TASK DETAILS: The required output holds only the lines from the one containing "Ophélie Winter et" through the end of the material below, copied exactly, please, with no pictures.

COLLECTED DATA:
== == ==

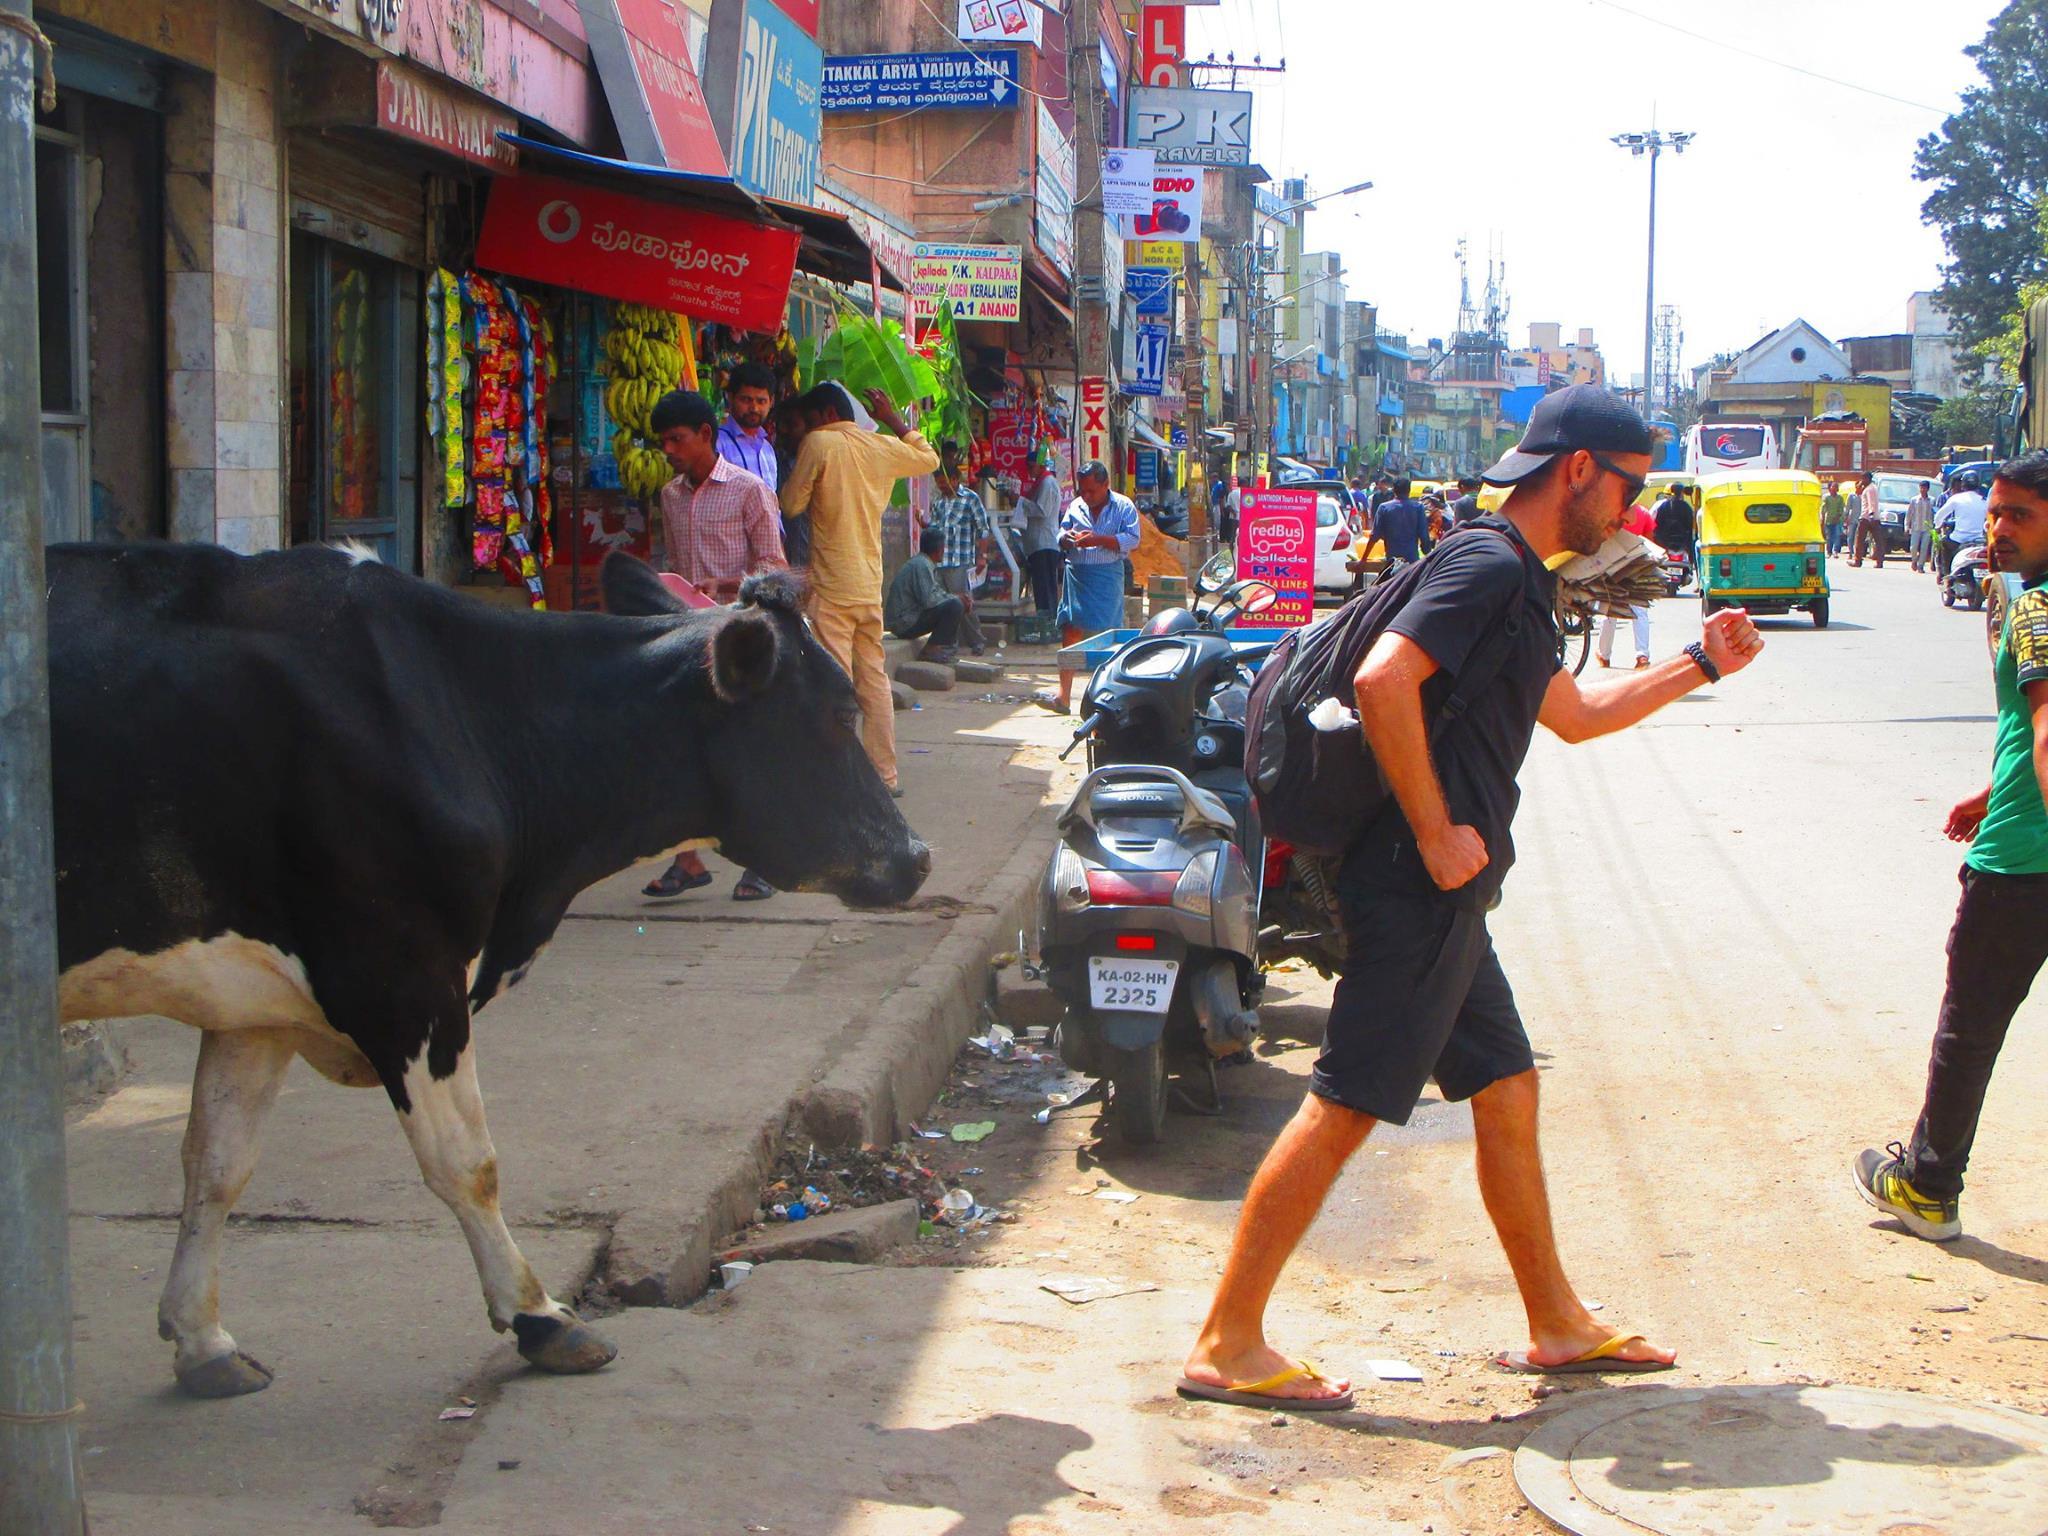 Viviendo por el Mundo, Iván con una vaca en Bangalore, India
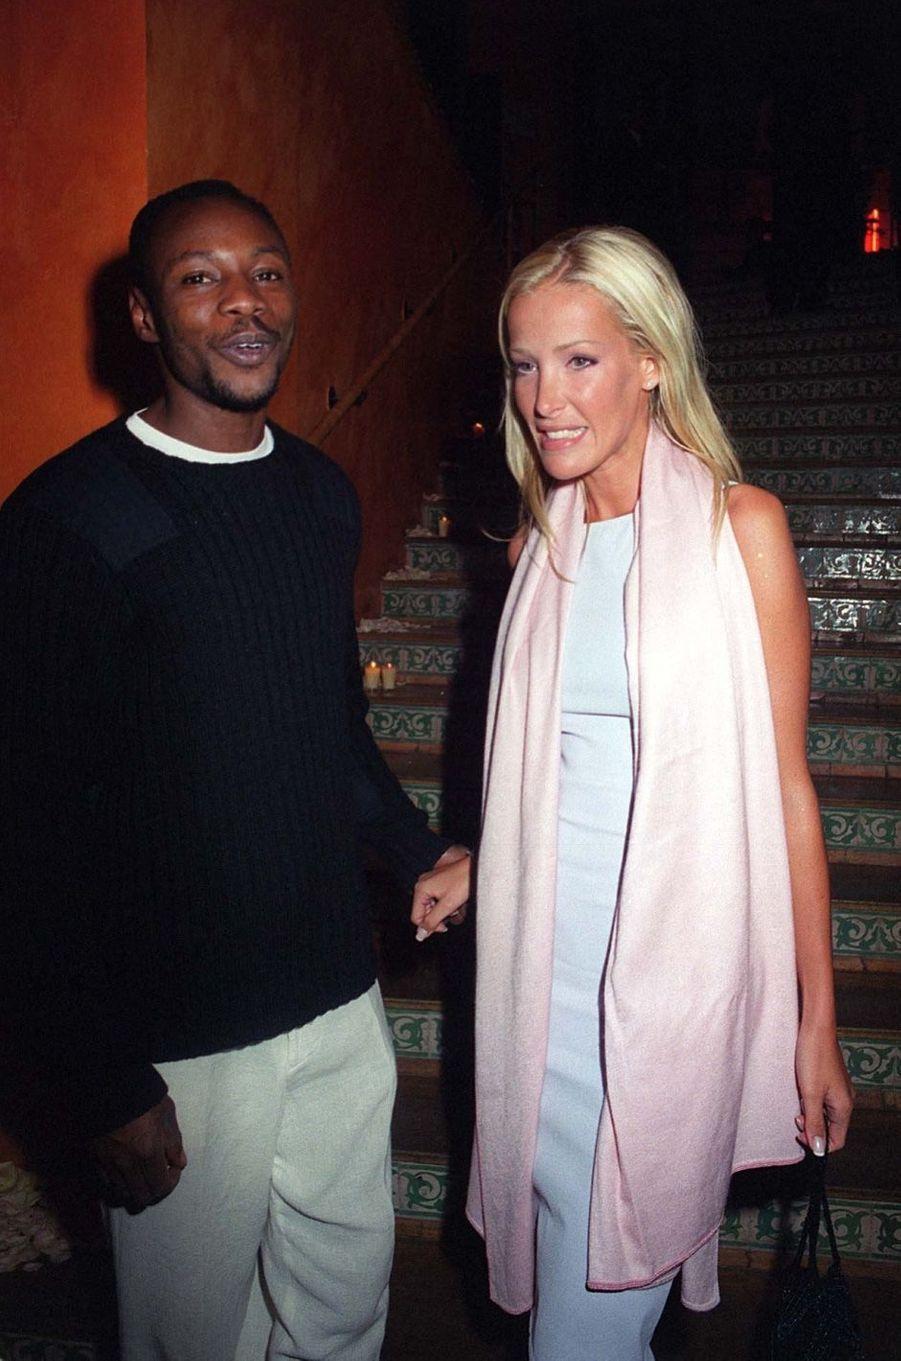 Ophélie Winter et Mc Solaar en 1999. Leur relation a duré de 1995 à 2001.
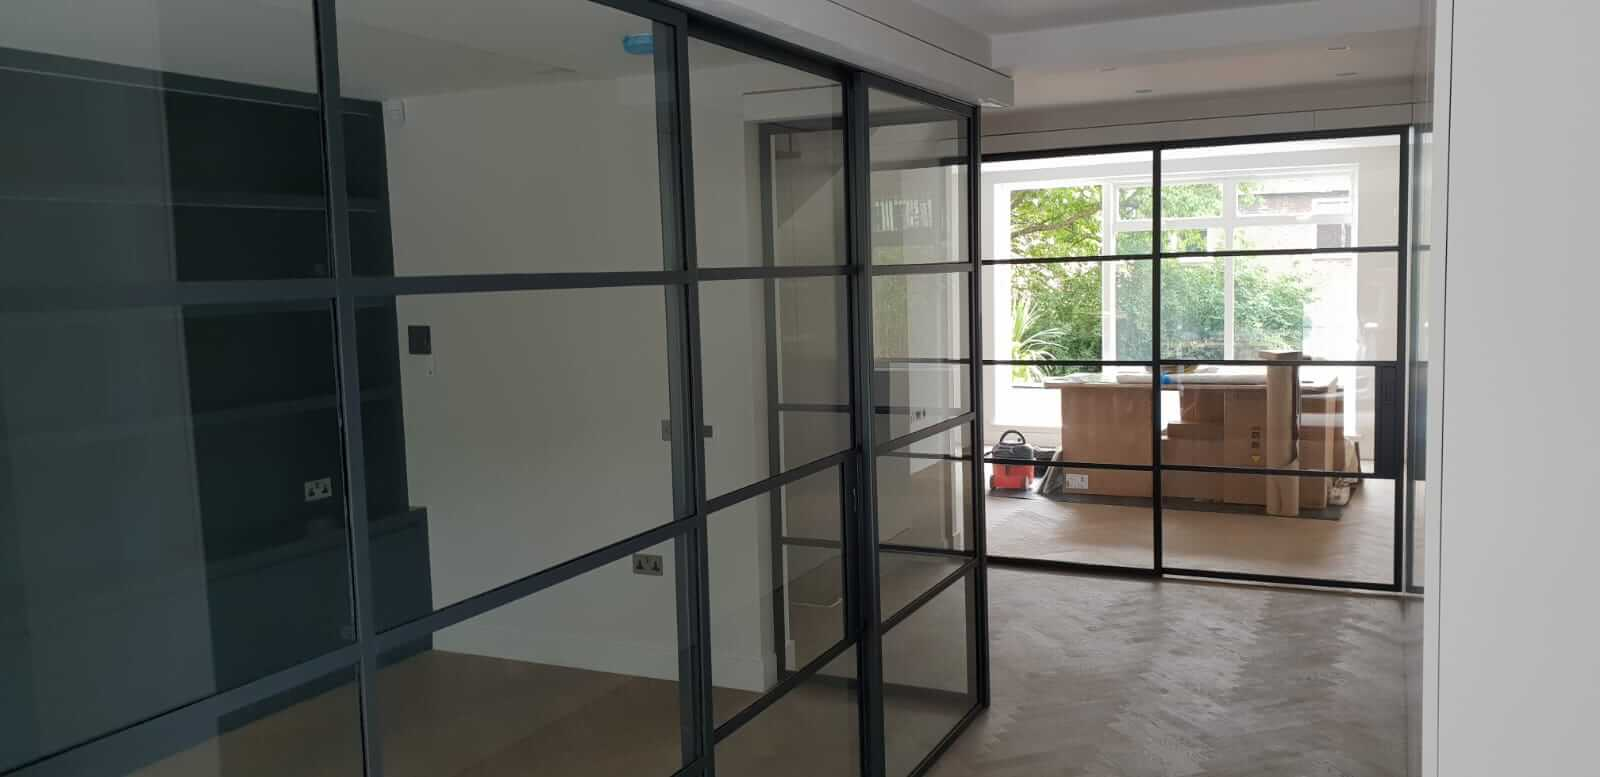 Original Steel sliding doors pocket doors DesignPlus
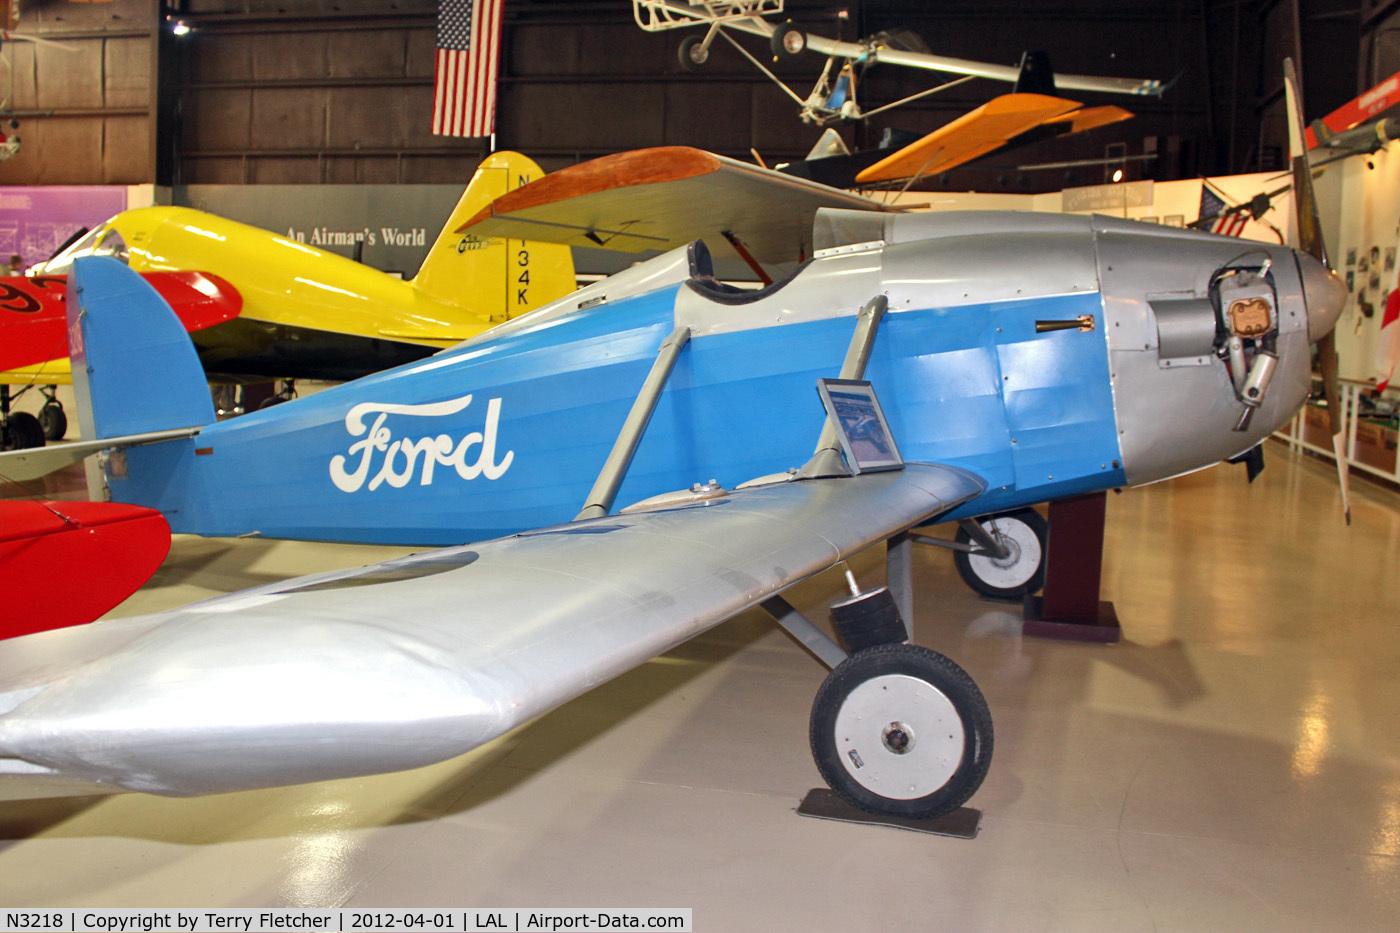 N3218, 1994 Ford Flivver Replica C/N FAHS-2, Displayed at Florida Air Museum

== == ==

REPLY TO THE EXERCISE:
 Ophélie Winter et Mc Solaar en 1999. Leur relation a duré de 1995 à 2001.
 Original Steel sliding doors pocket doors DesignPlus
 N3218, 1994 Ford Flivver Replica C/N FAHS-2, Displayed at Florida Air Museum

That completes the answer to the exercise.